Хельга подошла к окну.

– Я часто замечаю, – громко произнесла она, потому что знала, что её никто не услышит, – что его увлечение древностями сильнее, чем увлечение мной. Может, когда мне исполнится несколько тысяч лет, я стану для него более привлекательной?

– Ну что ты! – послышалось от двери, и Власт в два длинных прыжка преодолел разделяющее их расстояние.

– Власт! – взвизгнула Хельга. Они обнялись…


Когда они, наконец, оторвались друг от друга, под купол входил Гор.

– Есть новости? – спросил он Власта.

– Есть, – кивнул тот. – Присядем, расскажу.

– Скоро новостей будет очень много, – заметила Хельга, усаживаясь в кресло.

Но спокойно поговорить не удалось. Вбежал Петя.

– Звери куда-то двинулись! – выпалил он, и снова исчез.

– Пойду, посмотрю, – поднялась Хельга. – Это может быть разгадкой.

Мужчины переглянулись.

– Мы с тобой, – кивнул Гор.

– Они идут в джунгли! – Петя стоял на пороге биокупола с вытянутой рукой, словно заправский регулировщик.

Животные шли, сливаясь в единую колонну.

Не обращая внимания друг на друга, шли «бегемотики» и их извечные враги, «брюхорезы», уставя вперед острые костяные лезвия челюстей. Шли «жирафы» и «поросята», смешно подёргивая прямоугольными «пятачками».
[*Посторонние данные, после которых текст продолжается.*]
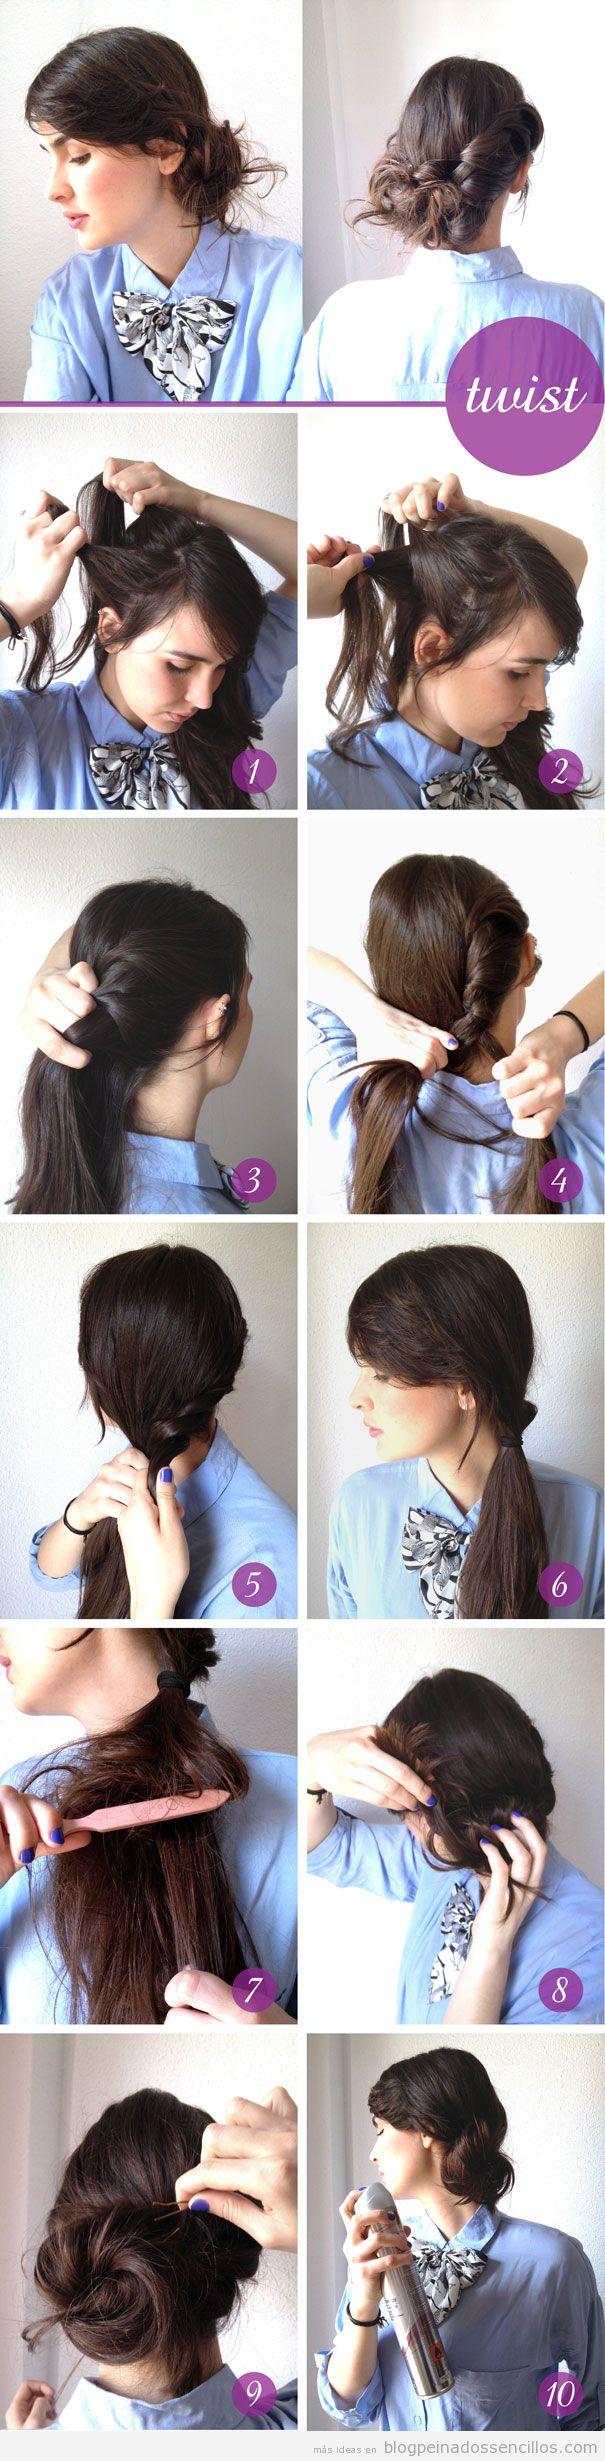 Tutorial para aprender a hacer un peinado recogido twist en el lateral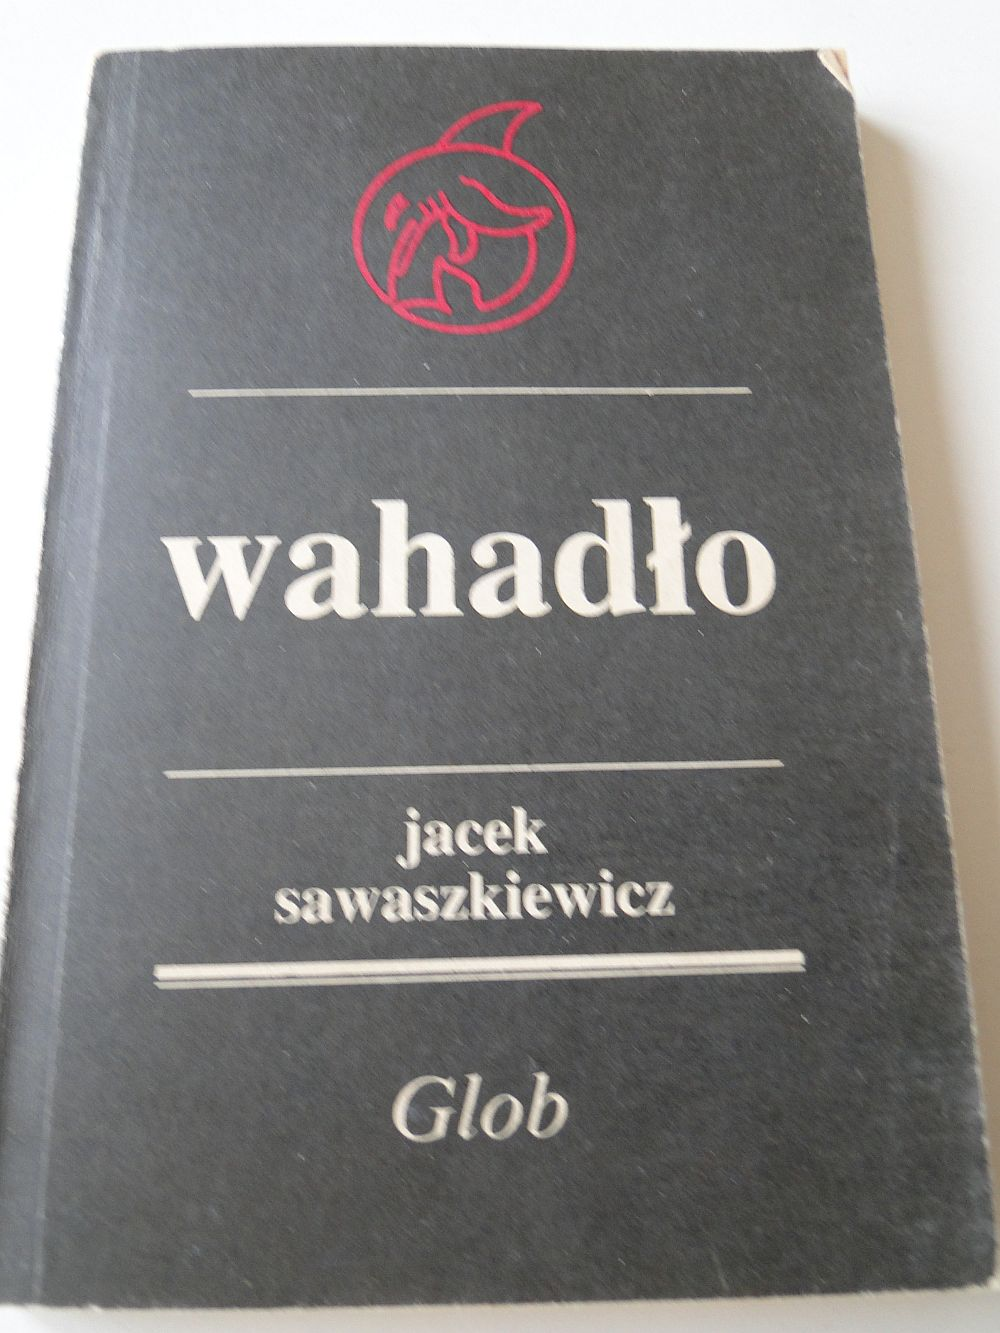 Wahadło Jacek Sawaszkiewicz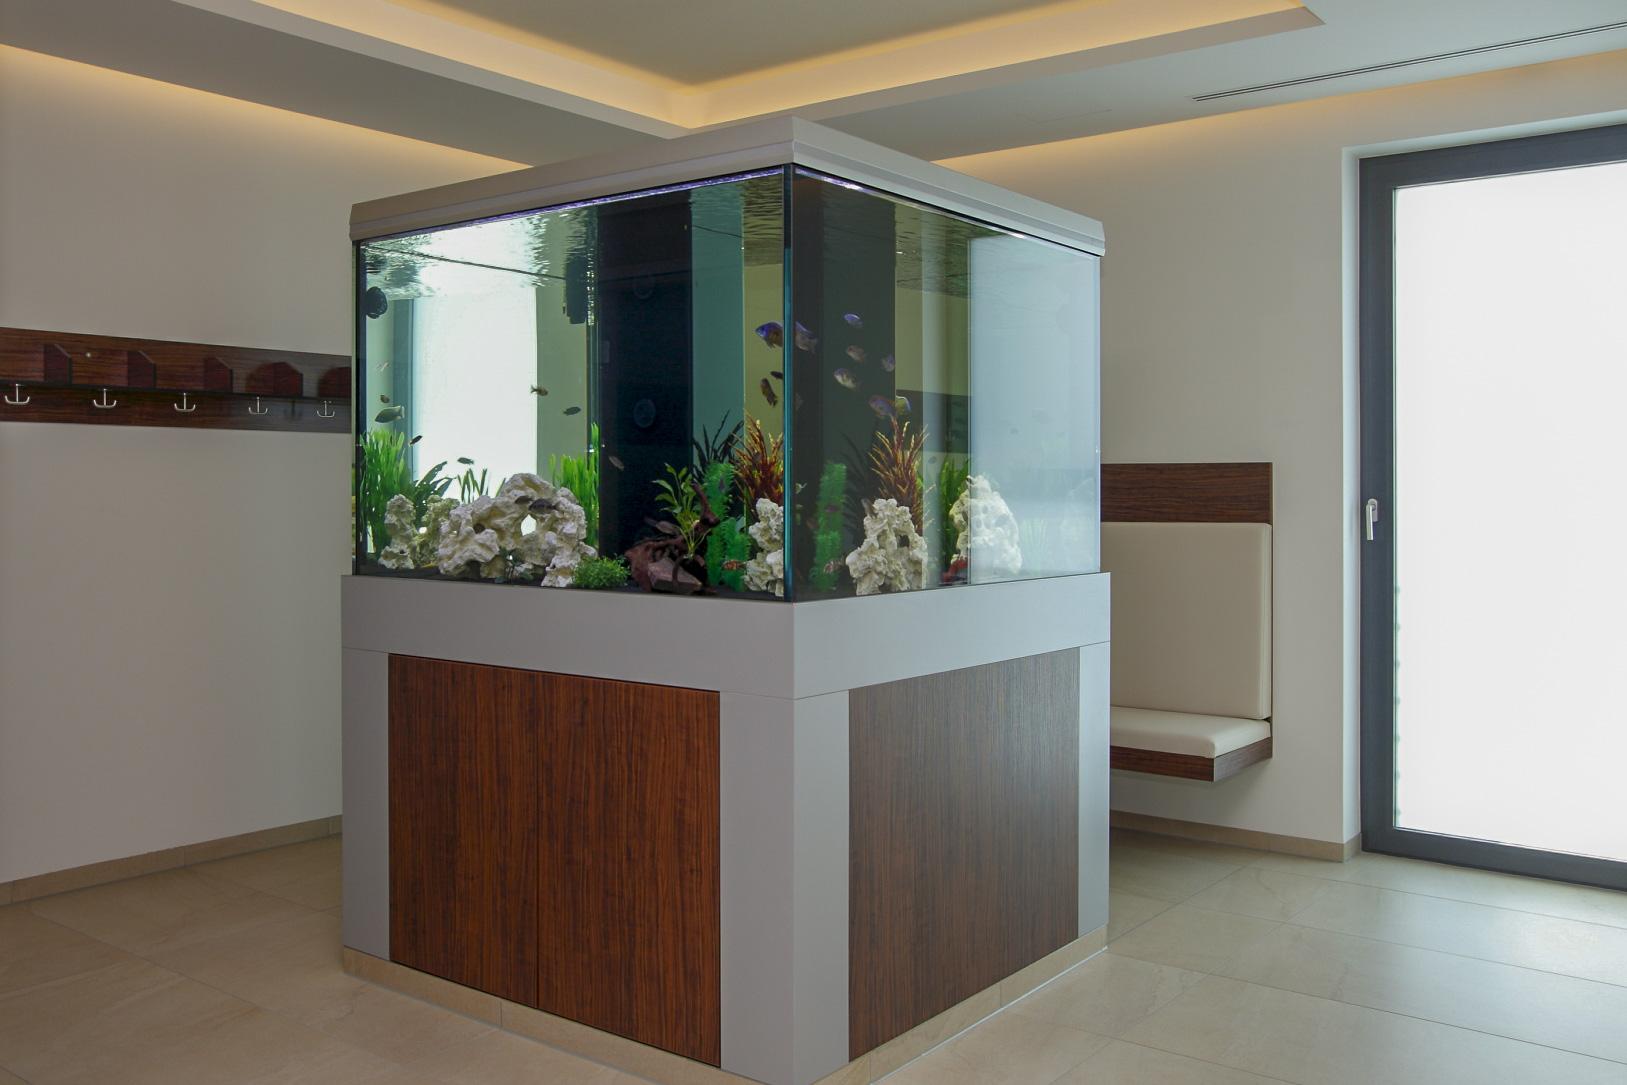 Möbel für Umkleideräume in Sport-, Fitness- und Wellnessstudios

Хельга поймала себя на мысли, что «поросята», кажется, единственные живые существа, не имеющие прямоугольного нароста на лбу. Но зато у них прямоугольные пятачки. Ну, не совсем прямоугольные – углы скруглены, но всё же. Да и «жирафы» безлобы. Но у этих вся морда прямоугольно-тупая, в отличие от грациозных земных жирафов. «Вот так мы всегда, – усмехнулась Хельга, – сравниваем с Землей любую планету, где ни приведётся оказаться. А как иначе? Родина».

– Кажется, я знаю, куда они идут, – через полчаса следования за зверями сказал Гор, и вынул карту.

– Давай удостоверимся, – остановил его Власт.

Еще полтора часа напряжённого полубега – и четвёрка землян вышла на обширную поляну посреди джунглей. Причем поляна образовалась совсем недавно: покрывающие её некогда трава и мелкие кусты были нещадно втоптаны в грязь многими тысячами лап и копыт. Лишь кое-где зелёные хвостики осторожно высовывались из тёмно-серого месива.

А на противоположном конце поляны стояло… «зеркало». И солнце падало на него, но не отражалось, а полностью поглощалось матовой поверхностью гладчайшей каменной плиты.

Животные подходили к «зеркалу» и останавливались перед ним. Но не для того, чтобы полюбоваться на своё отражение – сие было невозможно: в «зеркале» ничто не отражалось. Было другое: звери касались поверхности плиты пятачками, лбами, носами – словом, всем, что могло плотно прилегать к ней. И замирали на несколько минут.